There are several factors that can play a role in leading to your marriage’s ultimate demise. By identifying these problems, you can take control of the ultimate final outcome of your marriage.
Know the Warning Signs
An unhealthy marriage typically comes with more downs than ups. Here are a few red flags that your marriage isn’t working out.
Bad Communication
Problem: If every discussion with your spouse leads to a big disagreement or argument, you may have trouble communicating with them. When a conversation about anything such as finances, children, or doing fun activities together leads to a fight, that is a good indication that your marriage is in trouble.
Solution: Be honest with yourself and your spouse about the way you talk to each other. Have that hard conversation about how much you argue, and let them know that you want to communicate in a way that allows you both to listen and understand each other, instead of just responding without actually considering what the other person is saying.
No Connection
Problem: When your marriage has taken a turn for the worse, you will notice that you suddenly feel indifferent about things you both liked before. You may also find yourself enjoying being alone more often than spending time together. If the thought of getting a divorce makes you feel a sense of relief and your partner feels the same way, you have lost your connection.
Solution: Spend more time together. The more you get back into the swing of spending time together, the more likely you will be to rebuild your bond. Instead of going out alone, try suggesting that you both go do something small together to start and go from there.

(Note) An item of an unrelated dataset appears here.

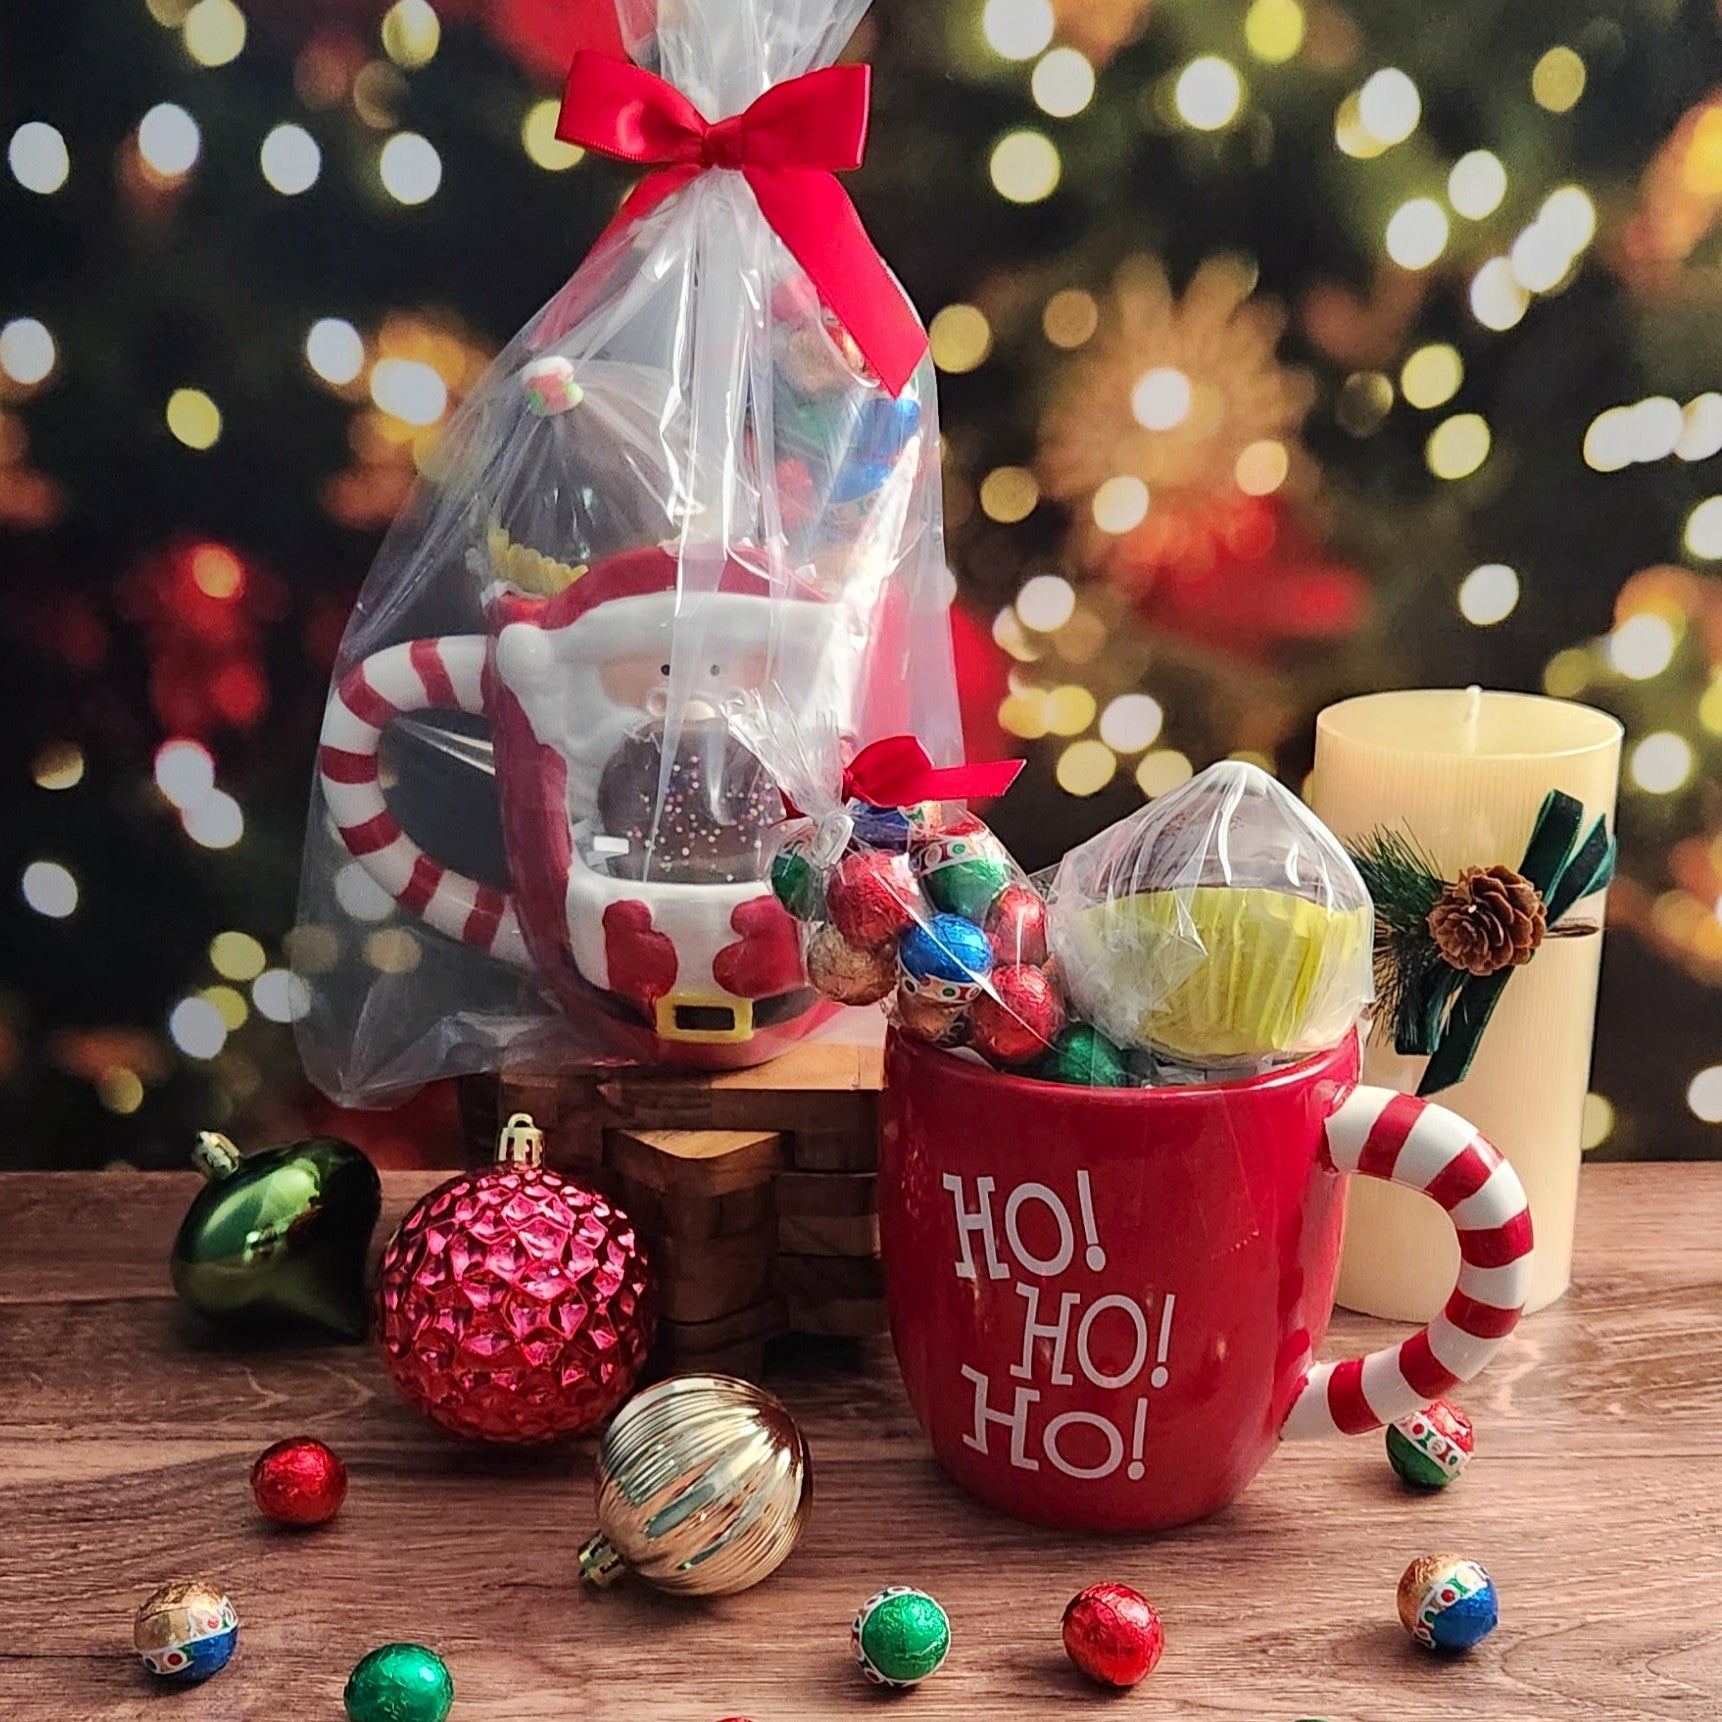 Enjoy the season with this charming ceramic mug featuring Santa with a built-in a cookie holder. Comes with a milk chocolate shortbread cookie, hot cocoa bomb, and foiled ornaments.

It’s not easy rebuilding a connection, especially if you have decided your relationship is over, but it can be reversed.
Lack of Respect
Problem: Disrespect comes in many forms -- it can be displayed in the tone they use when they speak to you, or through their actions. Sometimes disrespect is intentional, whereas other times it is direct. For example,it can show up in an argument,or when you are in front of friends and family and they do something that they know makes you feel uncomfortable..
Maybe, they are keeping secrets, hiding important information about finances, or excluding you from making impactful decisions about your lives. No matter what the case is, everyone deserves to be treated with respect.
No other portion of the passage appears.